Il governo di Miguel Díaz-Canel insiste nel realizzare cambiamenti economici strutturali senza alterare il modello socialista, anche se gli analisti indipendenti criticano la mancanza di riforme reali e sottolineano il ciclo di promesse non mantenute.

Immagine di riferimento creata con Intelligenza ArtificialeFoto © CiberCuba / Grok

Video correlati:

Il regime cubano ha ribadito la sua intenzione di introdurre "cambiamenti strutturali" nell'economia, ma lasciando chiaro che questi avverranno nei limiti del "modello socialista".

Così l'hanno manifestato diversi economisti ufficialisti durante la recente trasmissione del programma televisivo Cuadrando la Caja, in cui hanno difeso la necessità di riforme, ma sotto il controllo dello Stato e con il Partito Comunista come rettore assoluto.

Captura de pantalla X / @pmmonreal

Sin embargo, la proposta di trasformazioni strutturali non convince gli analisti indipendenti. L'economista Pedro Monreal ha criticato la narrativa governativa, sottolineando che il dibattito ufficiale evita di approfondire la crisi strutturale che attraversa il paese, risultato di precedenti riforme fallite promosse dallo stesso governo.

“Se oggi si parla di cambiamento strutturale è perché in precedenza il governo ha imposto un cambiamento strutturale fallito che ha portato a una crisi,” ha affermato in una serie di messaggi sul suo profilo di X (ex Twitter).

Il discorso ufficiale: Cambiamenti senza rottura

Durante il programma televisivo, i pannellisti hanno insistito che un "cambio strutturale" non implica necessariamente un "cambio di regime" e che il socialismo deve essere rafforzato, non sostituito.

Il ex ministro delle Finanze e dei Prezzi, José Luis Rodríguez, ha affermato che l'attuale proporzione dell'economia cubana non è sostenibile, con un settore statale che genera l'84% del PIL, mentre il settore privato, sebbene in crescita, continua a rappresentare una frazione minore.
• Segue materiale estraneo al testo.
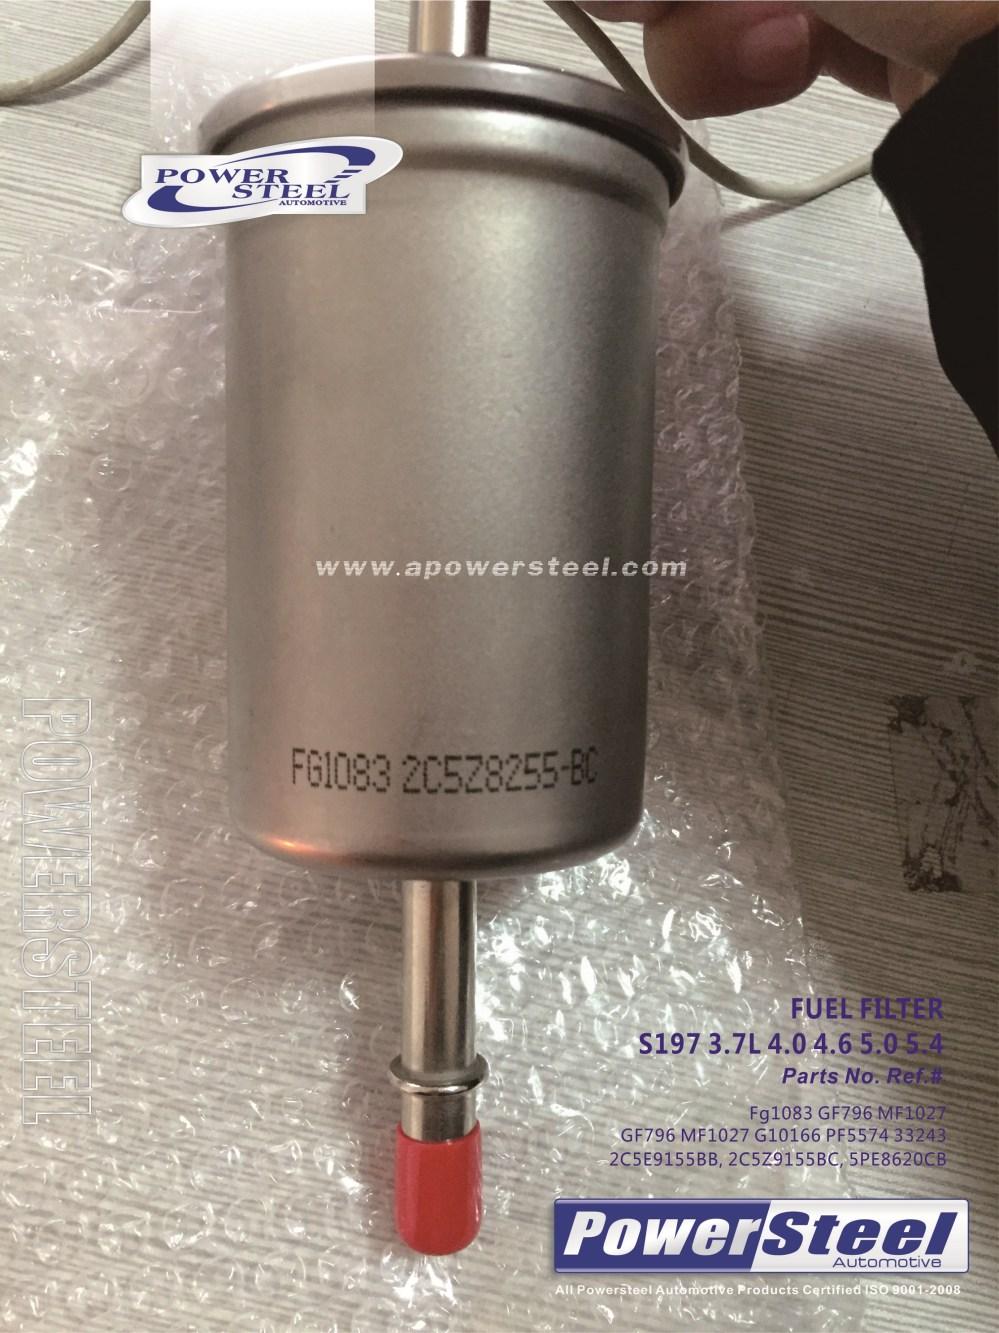 medium resolution of fuel filter 2c5e9155bb 2c5z9155bc 5pe8620cb fg1083 gf796 mf1027 gf796

Por parte sua, l'ex spia e economista Ramón Labañino ha sottolineato che l'obiettivo del governo è "salvare il modello socialista basato sul marxismo e sul leninismo". Nell'ottobre del 2024, e dalla Spagna, , Labañino ha assicurato che “le Mipymes a Cuba sono lì per rafforzare il socialismo”.

Inoltre, ha criticato gli economisti che suggeriscono una transizione verso un sistema di mercato più aperto, affermando che consentire il libero mercato porterebbe inevitabilmente alla "concentrazione della proprietà e della ricchezza, il che ci porterebbe al capitalismo".

La resistenza alle riforme di fondo

Nelle loro dichiarazioni, gli economisti ufficiali hanno sostenuto che il principale problema economico di Cuba risiede nella necessità di riorganizzare la sua struttura produttiva, migliorare la produttività e controllare l'inflazione.

Sin embargo, hanno evitato di menzionare temi chiave come la libertà di mercato, la privatizzazione di settori produttivi strategici o l'apertura economica senza restrizioni statali.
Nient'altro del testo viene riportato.